We got the reversal we were looking for last Friday, but as detailed in the last forecast there is still some uncertainty as to the ultimate outcome of this latest rally.
We remain short from 1462, but a stop in the 1466-1468 range would be prudent. A rally through 1474 changes our forecast, as discussed yesterday.
The euro bounced off the bottom of the rising wedge we’ve been tracking as expected. There is negative divergence relative to the Dec 7 low; so, in all likelihood, the larger wedge should break.
The daily RSI shows the two options quite well — a bounce off the yellow channel line or just a back test of the broken purple channel line.
The dollar continues to move in tandem with equities. It rose last week as SPX rallied, and is off today. But, like EURUSD, there is marked divergence on the daily chart since it broke up through the top of the red price channel and retested the bottom of the white price channel.
It reversed at the .786 of the B-C (purple) drop. And, the 1.618 extension of this move is the same level as the .786 of X-A: 83.10ish. This would set up a tag of the white channel mid-line somewhere around Jan 22-23 (the .886 intersects with the mid-line around Mar 6.)
I posted quite a bit over the weekend about the SPX forecast, so I won’t rehash it here. Suffice it to say we need to see some follow-through on the dip this morning in order to get anything going on the downside.
The 15-min chart shows a potential H&S pattern that targets 1443. But, SPX will need to reverse before 1468 for it to play out.
I’ve updated the channels and harmonics for the most recent top. In general, they confirm the current forecast. But, there is plenty of wiggle room.
continued for members…
Consider this chart which is drawn using arithmetic scale. It clearly shows the rally up from 1343 could be nothing more than a bounce between the 25% line and the mid-line of the large white channel. It looks good as a purple channel back-test, too.

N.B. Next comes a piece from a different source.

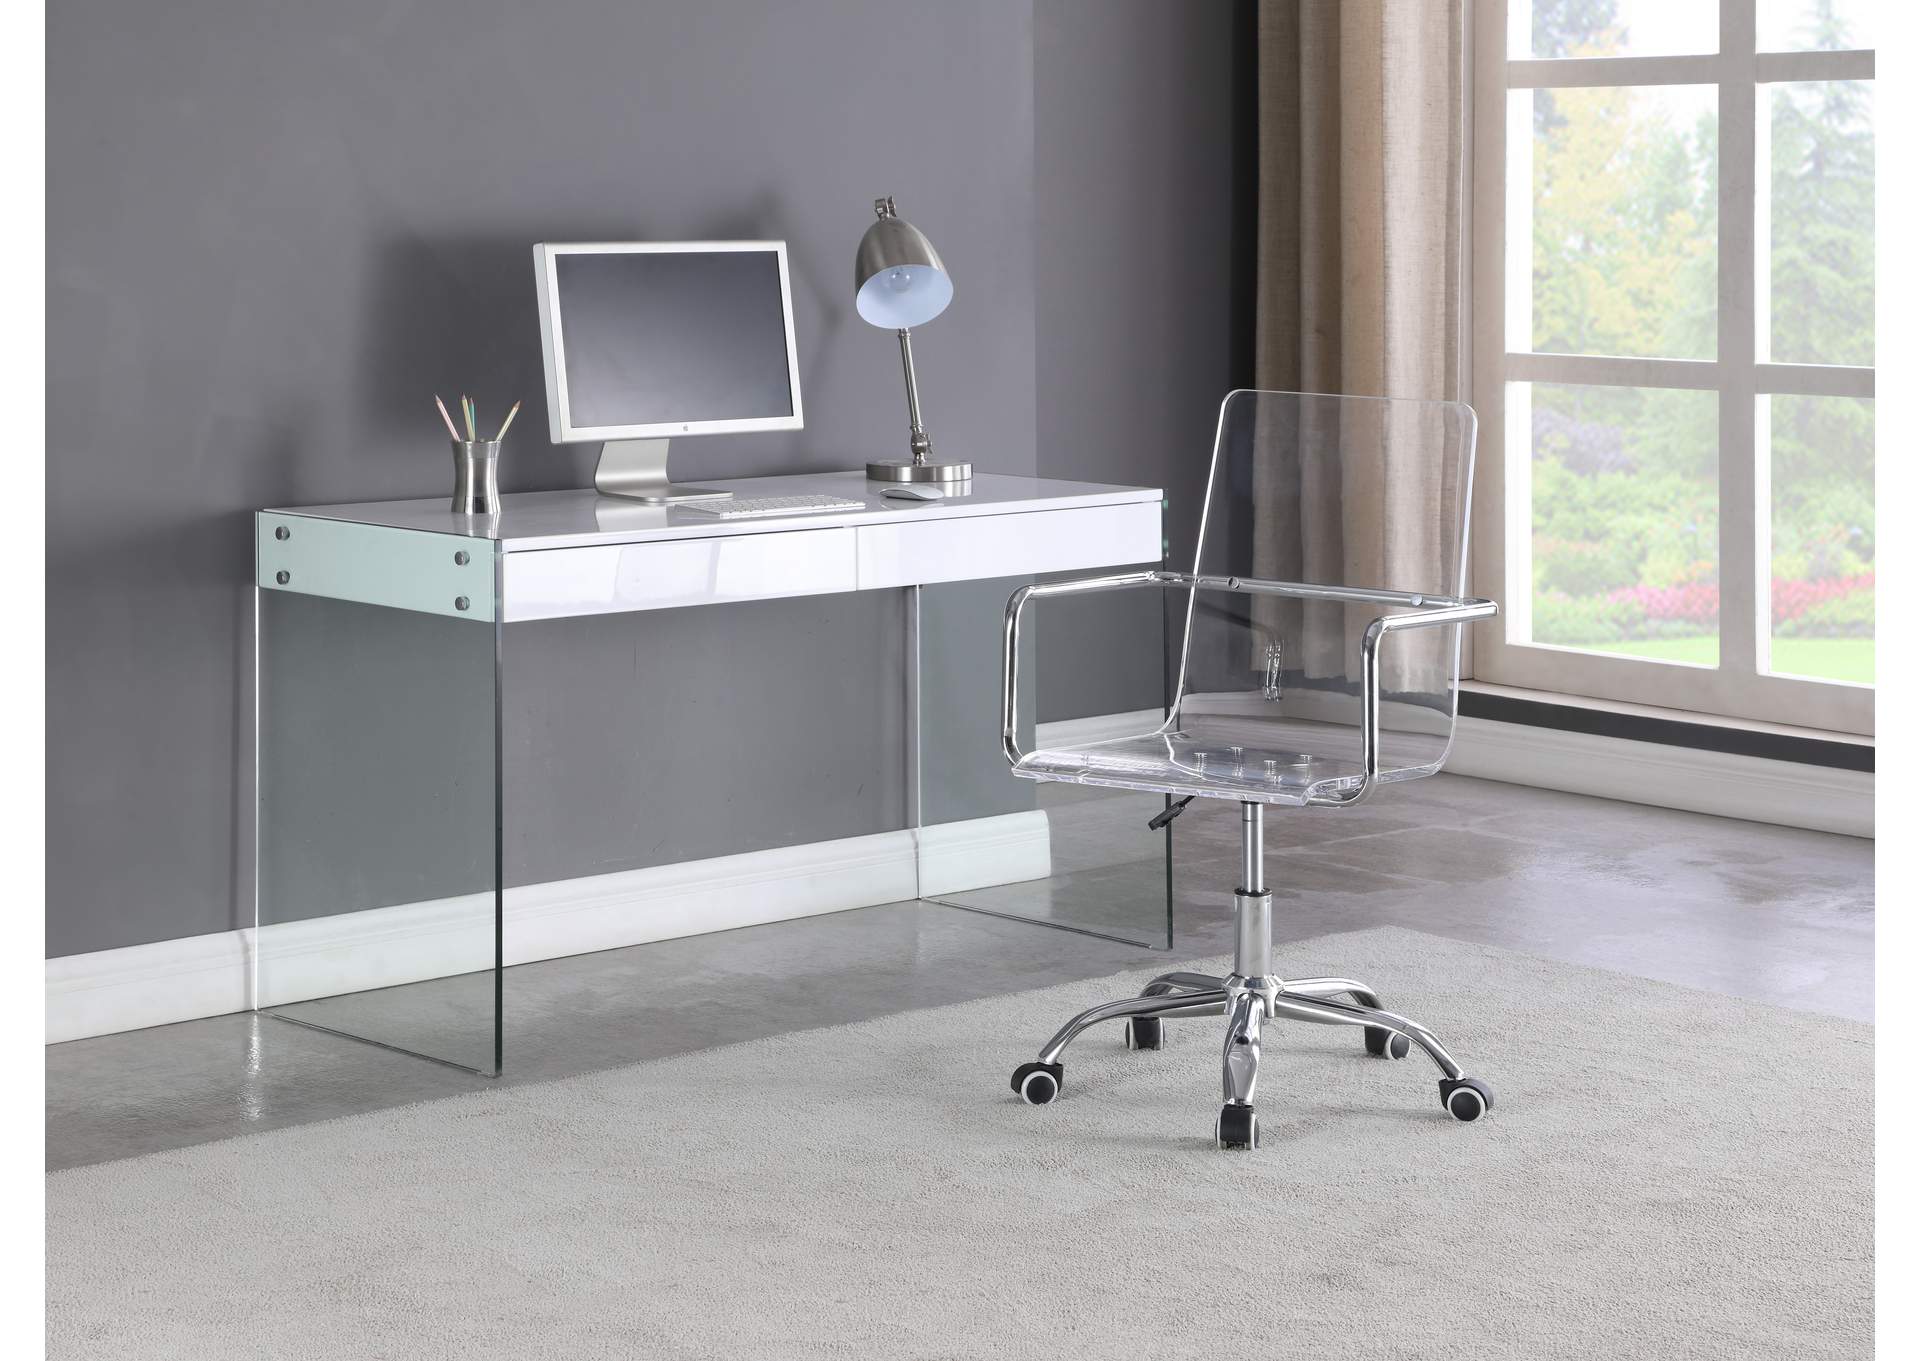 Contemporary Gloss White & Glass Desk,Chintaly Imports

It even works if we expand the purple channel to include the 2010-2011 top. Note what happens if we expand the falling white channel that captured the 2011 correction. Turning the top of that channel into a mid-line results in the following chart.

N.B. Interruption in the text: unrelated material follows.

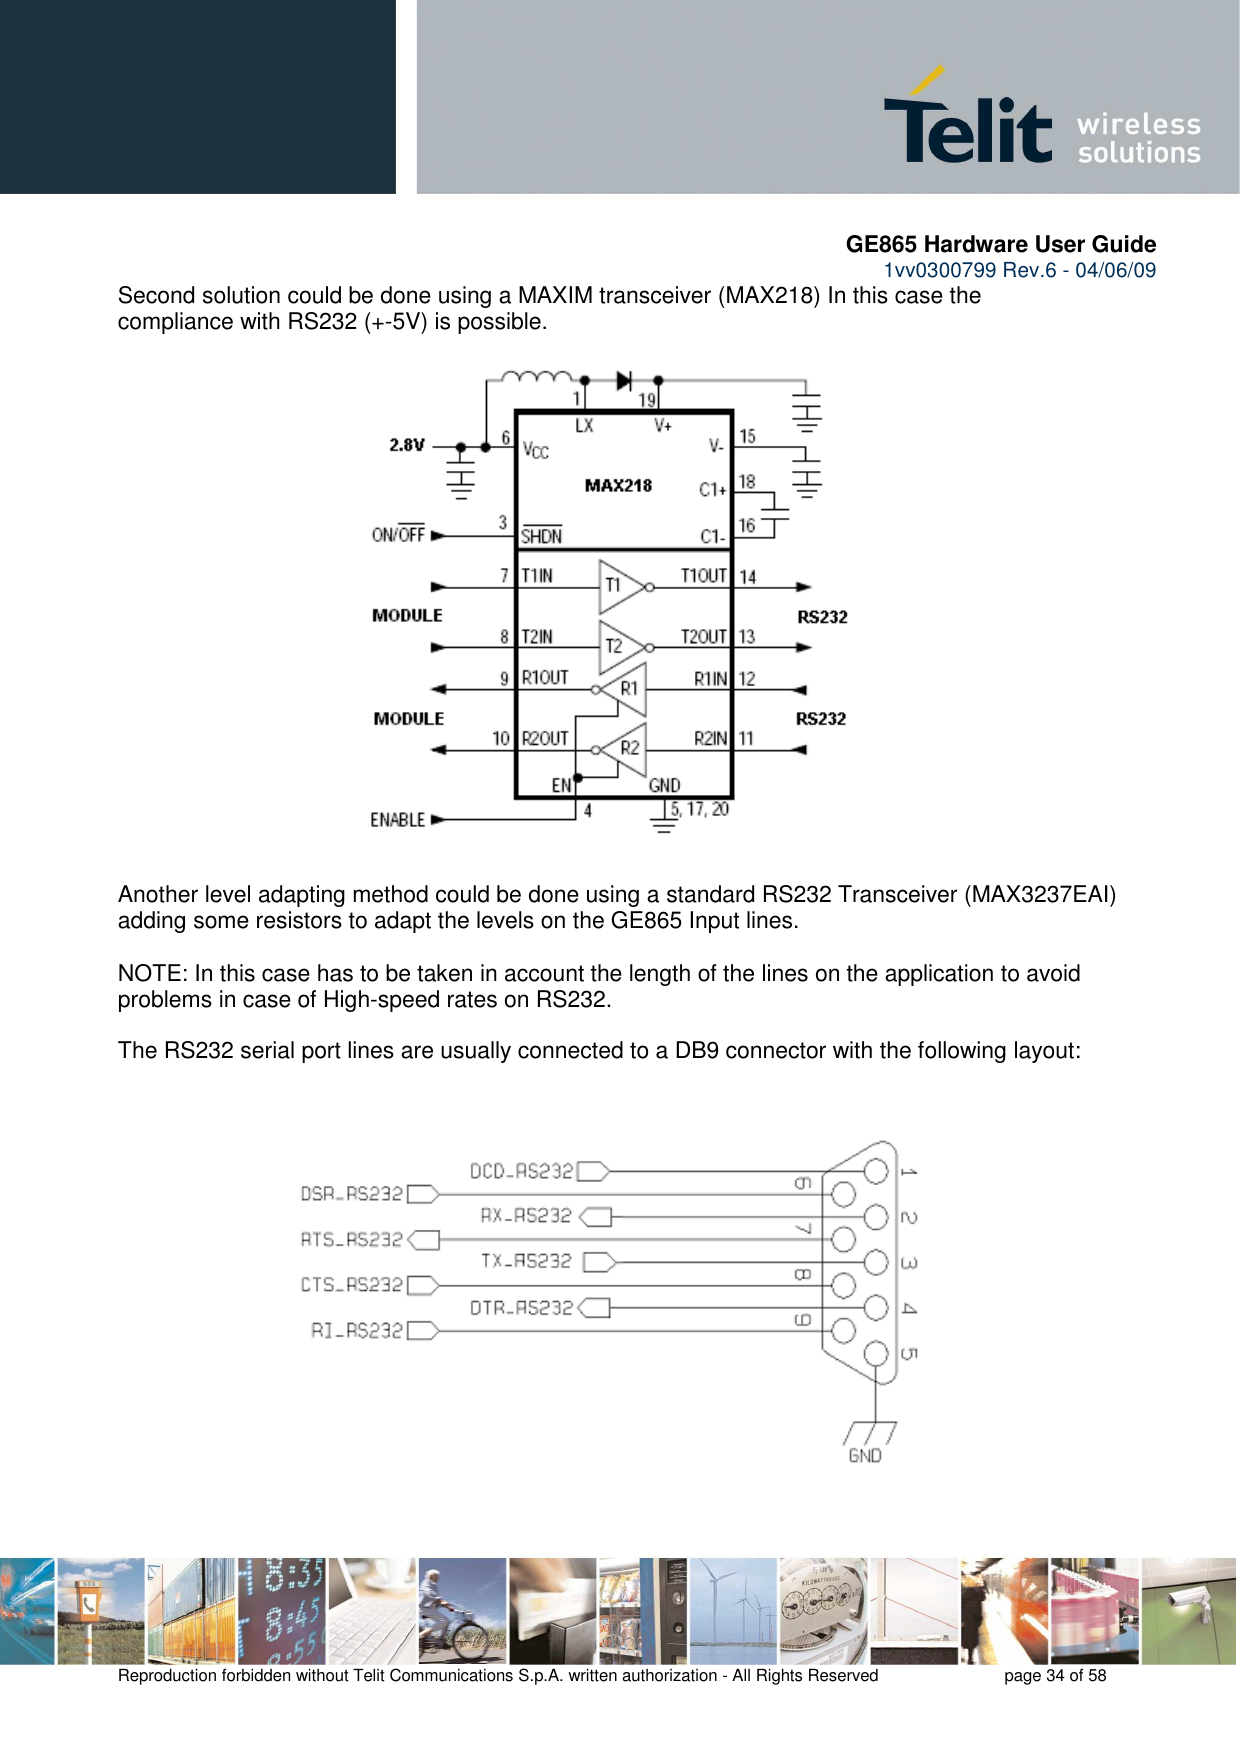       GE865 Hardware User Guide 1vv0300799 Rev.6 - 04/06/09      Reproduction forbidden without Telit Communications S.p.A. written authorization - All Rights Reserved    page 34 of 58  Second solution could be done using a MAXIM transceiver (MAX218) In this case the compliance with RS232 (+-5V) is possible.                      Another level adapting method could be done using a standard RS232 Transceiver (MAX3237EAI) adding some resistors to adapt the levels on the GE865 Input lines.  NOTE: In this case has to be taken in account the length of the lines on the application to avoid problems in case of High-speed rates on RS232.  The RS232 serial port lines are usually connected to a DB9 connector with the following layout:

Note that we now have two nice channel line back-tests in a row: the June and Nov 2012 lows.

These lows are on one trajectory — the 25% line; while, the tops are on a lesser slope — forming a rising wedge that’s being back-tested (as drawn below) or one that’s simply getting closer to an apex.
Note also that Friday’s high precisely tagged a fan line connecting the 2007 top to the Sep 1474 top. It makes for a nice channel top, too.